Instructions to follow:
Set out exactly every line of the entries below, starting at the line that holds "GEOX logo grand" and stopping after the line that holds "Pendidikan Kesihatan Tahun".

Exercise data:
+++++
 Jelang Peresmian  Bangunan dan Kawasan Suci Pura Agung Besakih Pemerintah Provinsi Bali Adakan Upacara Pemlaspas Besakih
+++++
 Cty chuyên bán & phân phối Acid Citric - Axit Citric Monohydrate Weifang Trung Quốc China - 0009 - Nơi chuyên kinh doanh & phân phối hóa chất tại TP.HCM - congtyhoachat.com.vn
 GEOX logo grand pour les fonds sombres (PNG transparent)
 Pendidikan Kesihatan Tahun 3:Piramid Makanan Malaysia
+++++
Task response:
 GEOX logo grand pour les fonds sombres (PNG transparent)
 Pendidikan Kesihatan Tahun 3:Piramid Makanan Malaysia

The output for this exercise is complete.